All of the data should be repeated exactly; pictures are not part of the copy.
Segment Start: STORED DATA
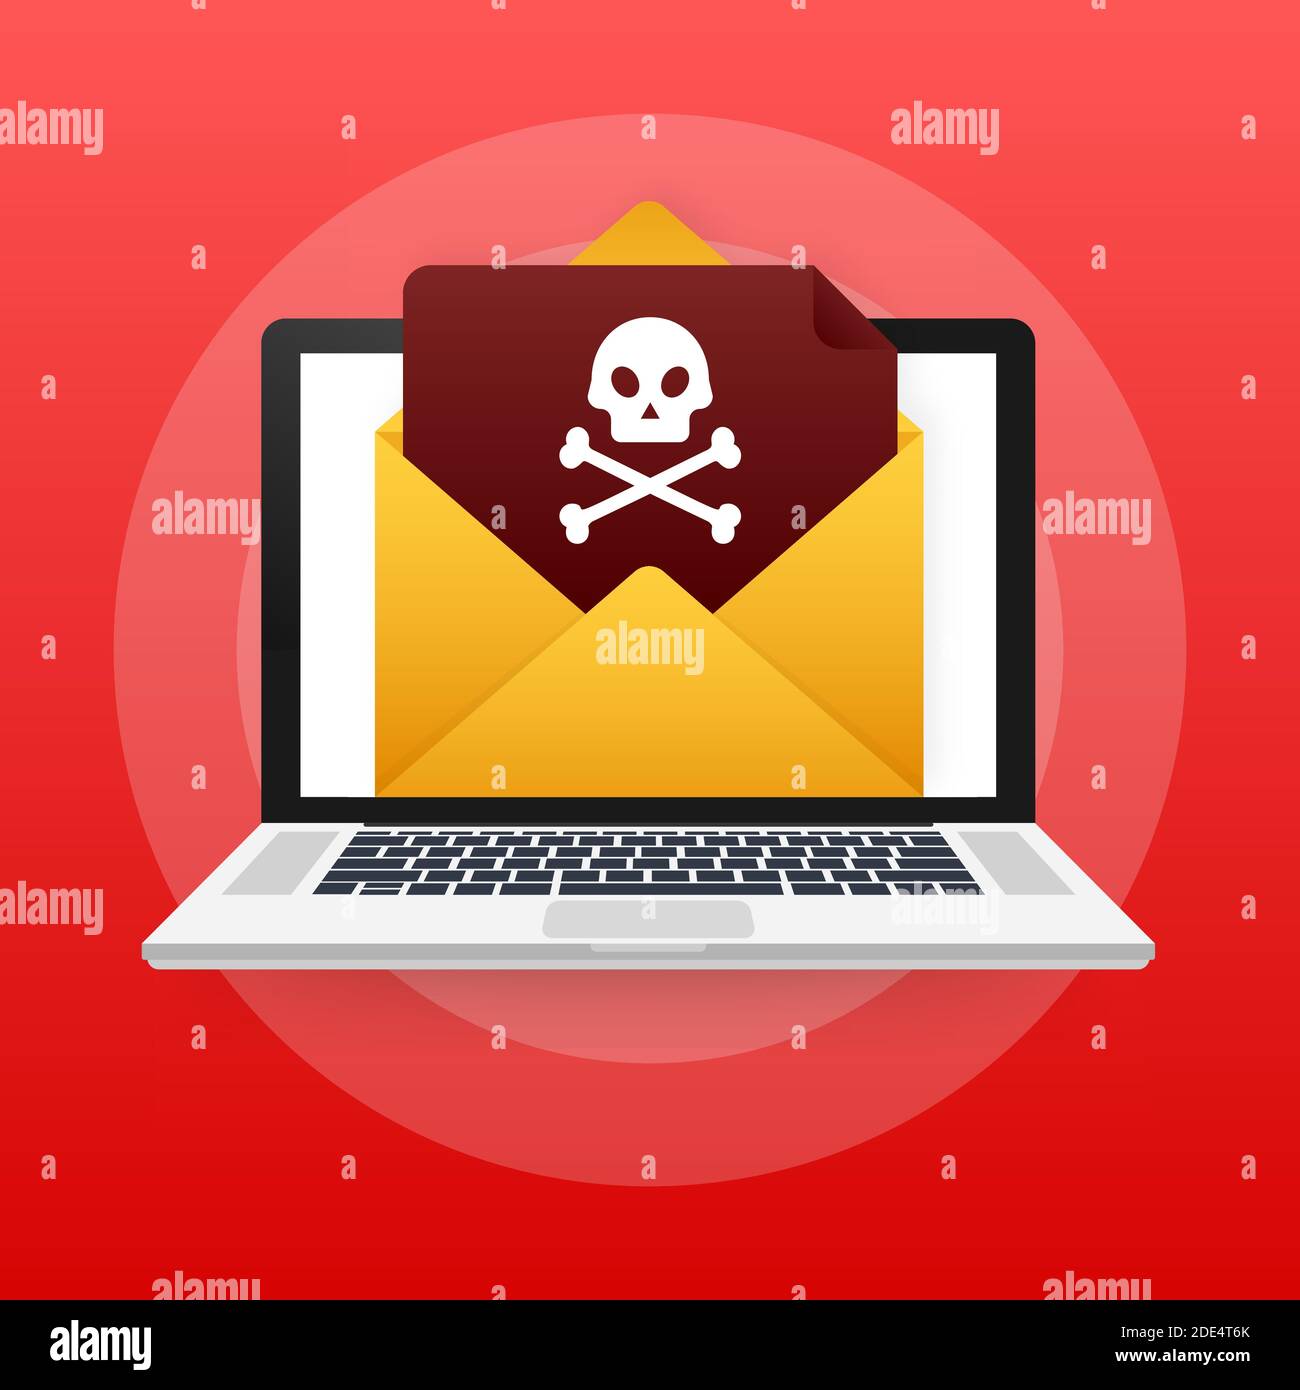 Roter E-Mail-Virus. Computerbildschirm. Virus, Piraterie, Hacking und Sicherheit, Schutz. Vektorgrafik. Stock Vektor
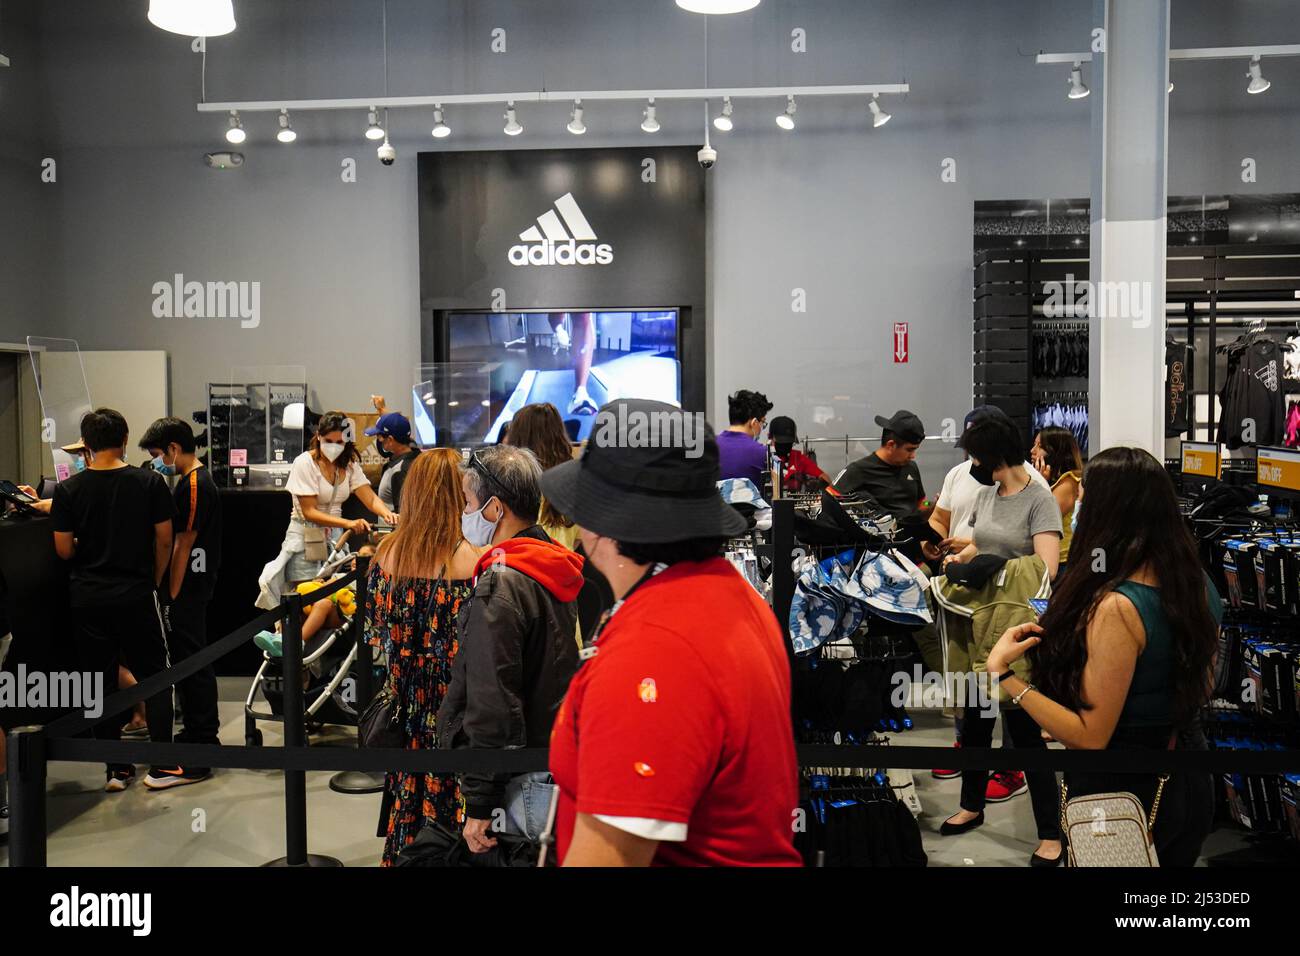 La gente ha visto lo shopping all'interno di un negozio Adidas presso gli  Outlets di Orange. Molte persone fanno acquisti presso gli Outlets di  Orange, per abbigliamento, scarpe, orologi, borse, e zaini
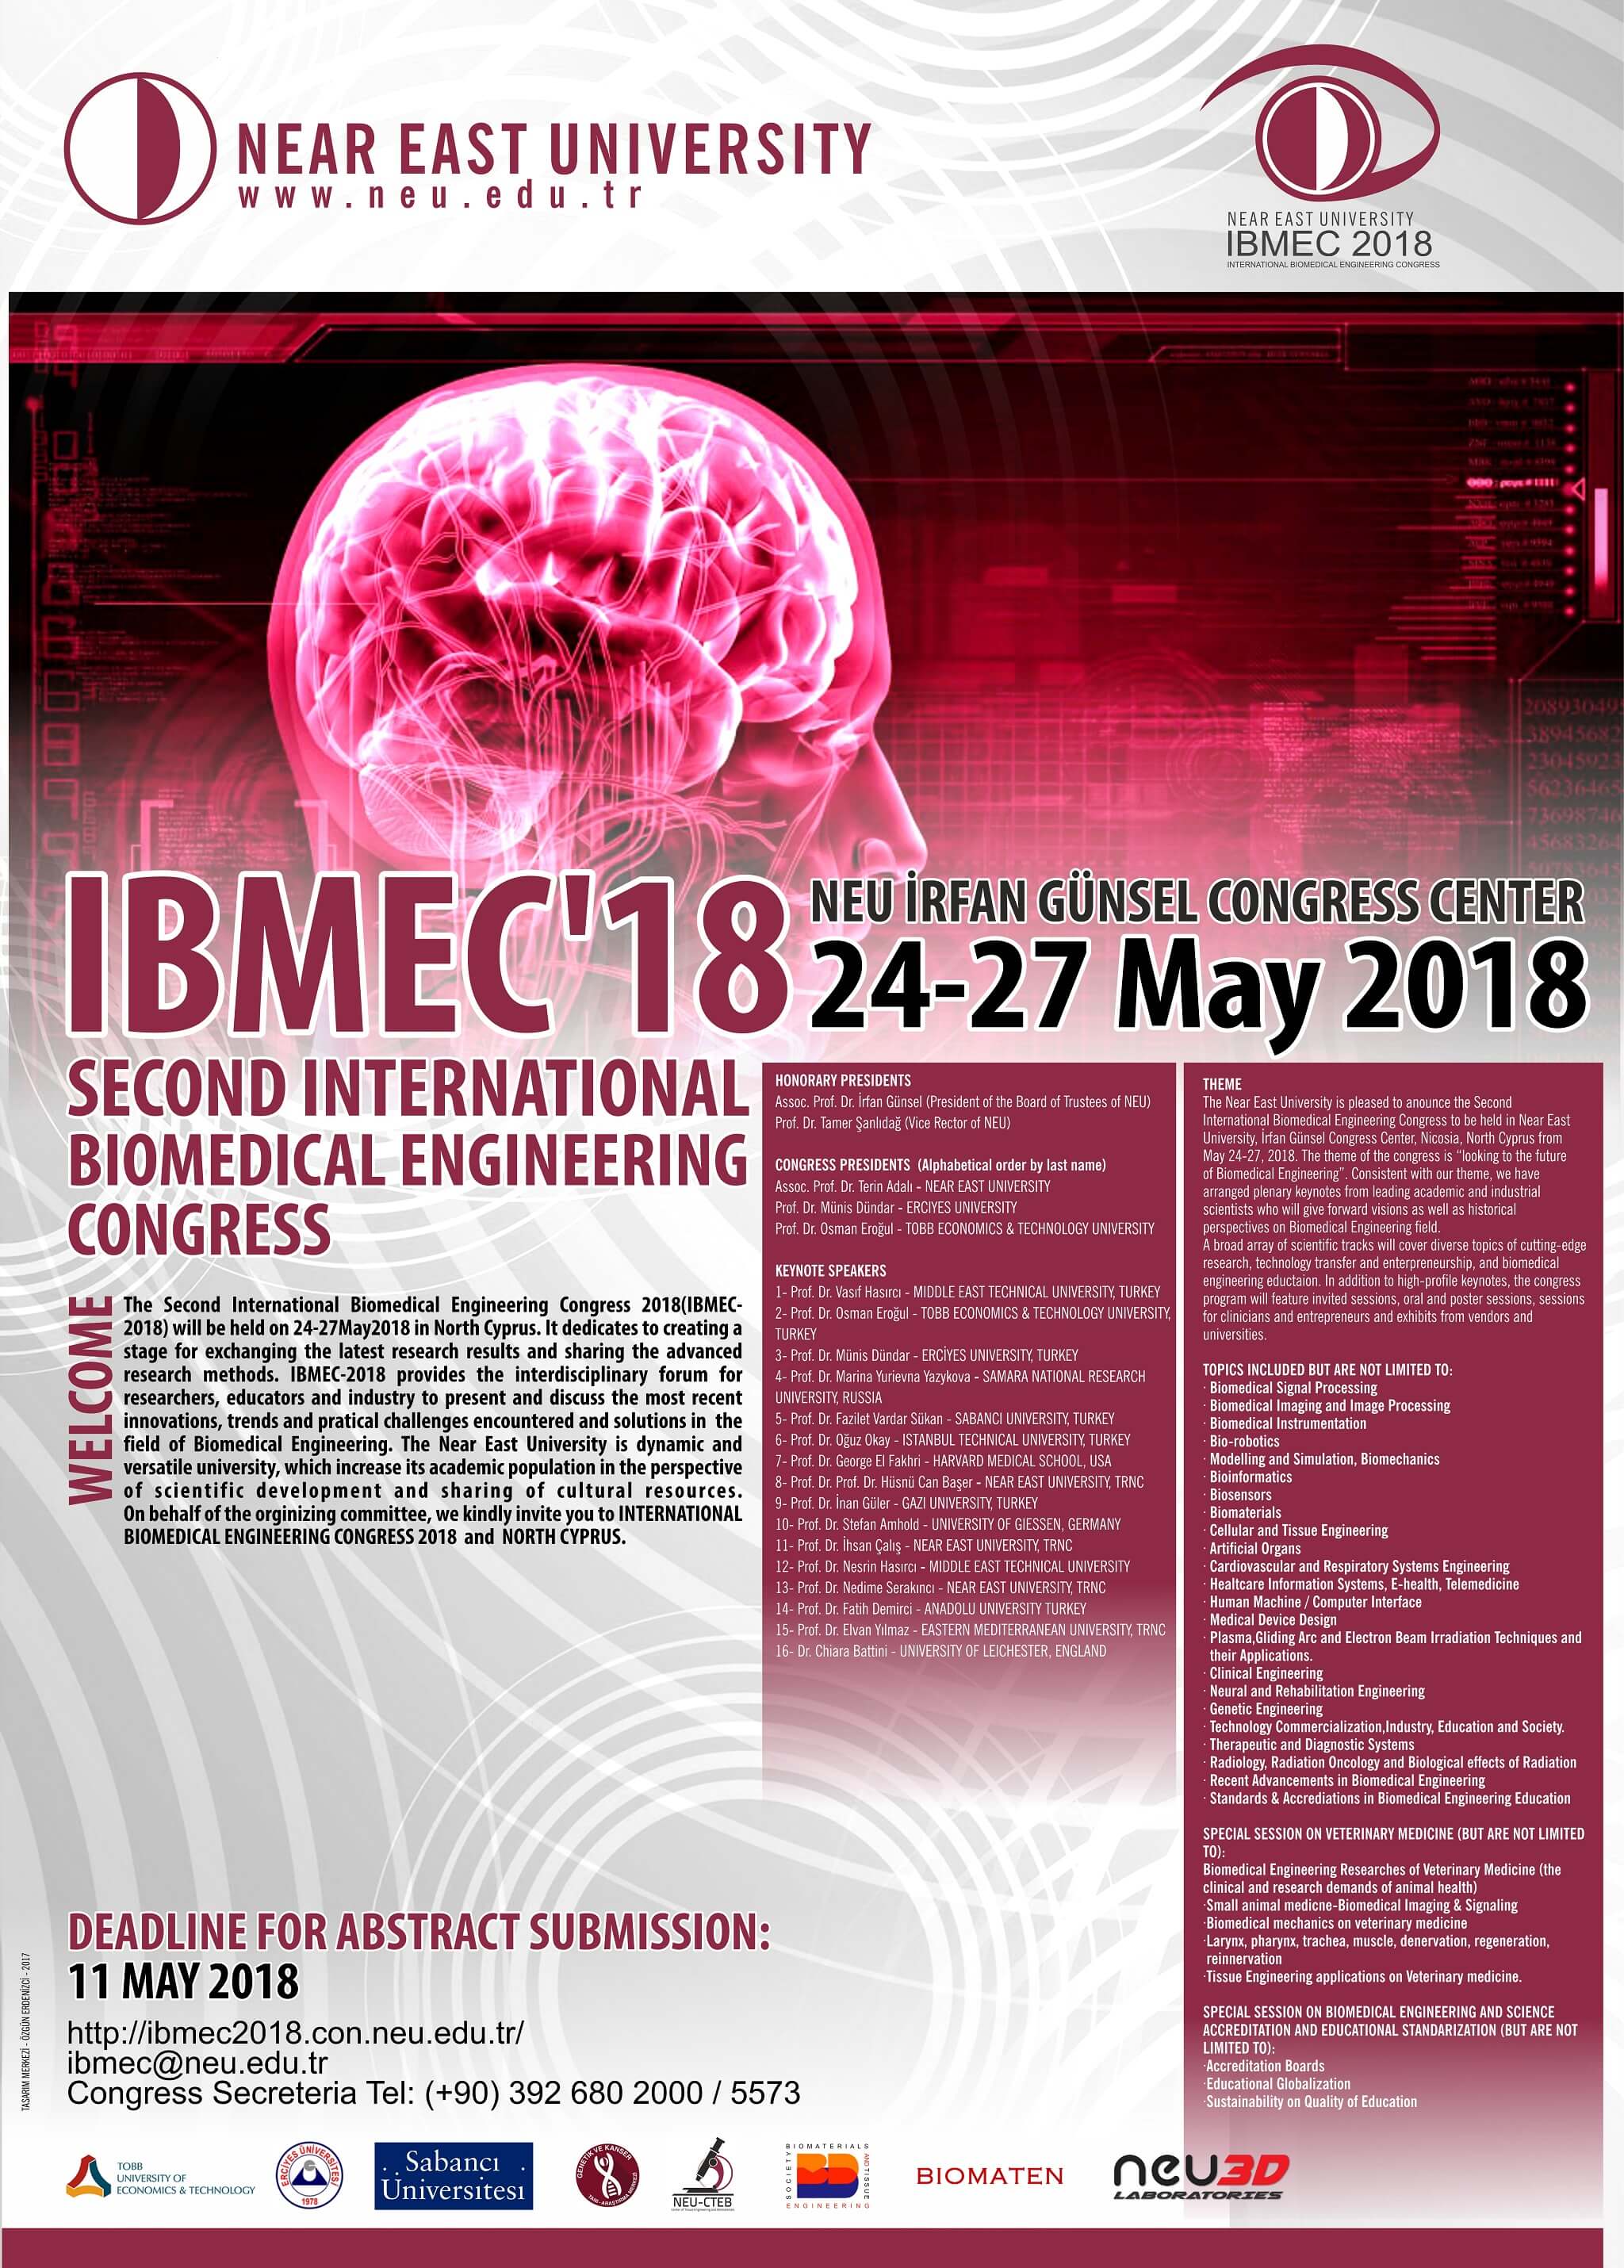 İkinci Uluslararası Biyomedikal Mühendisliği Kongresi 2018 (IBMEC-2018), 24-27 Mayıs 2018 Tarihlerinde Yakın Doğu Üniversitesi İrfan Günsel Kongre Merkezinde Yapılacaktır
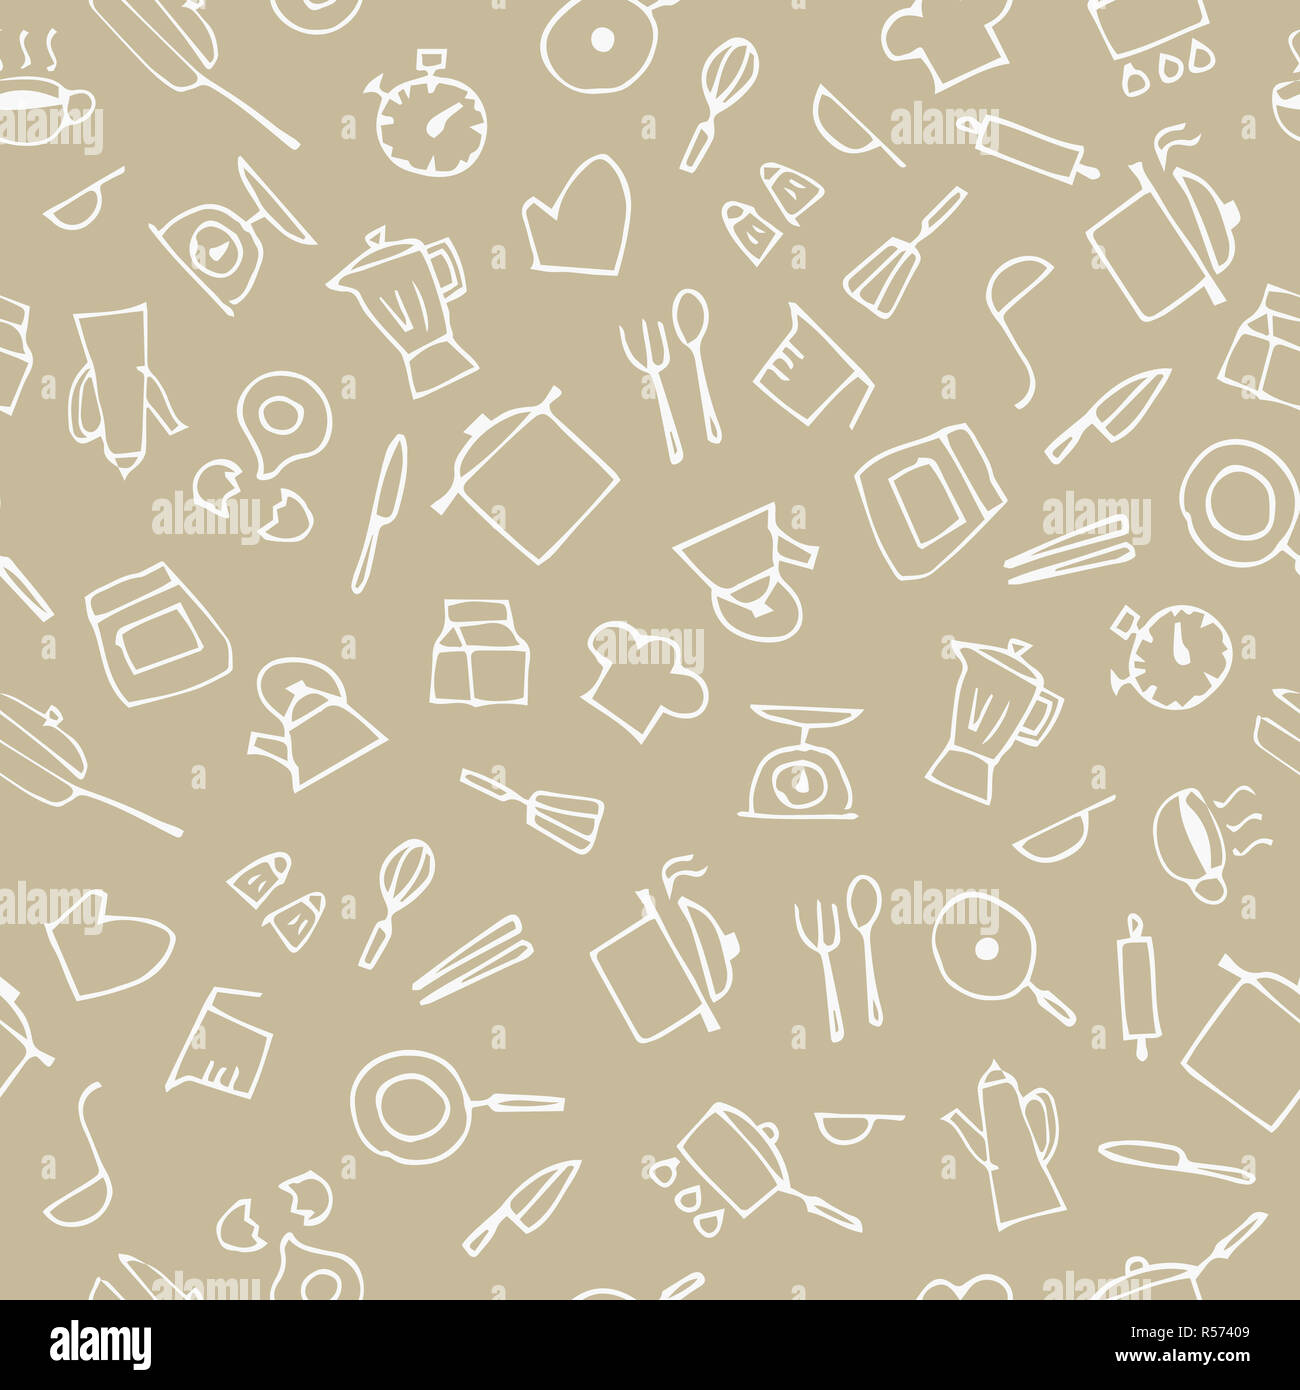 Handskizze Küche Sache Muster gezeichnet Stockfoto
Segment End: STORED DATA
[RESULT OF THIS TASK]
 Roter E-Mail-Virus. Computerbildschirm. Virus, Piraterie, Hacking und Sicherheit, Schutz. Vektorgrafik. Stock Vektor
 La gente ha visto lo shopping all'interno di un negozio Adidas presso gli  Outlets di Orange. Molte persone fanno acquisti presso gli Outlets di  Orange, per abbigliamento, scarpe, orologi, borse, e zaini
 İkinci Uluslararası Biyomedikal Mühendisliği Kongresi 2018 (IBMEC-2018), 24-27 Mayıs 2018 Tarihlerinde Yakın Doğu Üniversitesi İrfan Günsel Kongre Merkezinde Yapılacaktır
 Handskizze Küche Sache Muster gezeichnet Stockfoto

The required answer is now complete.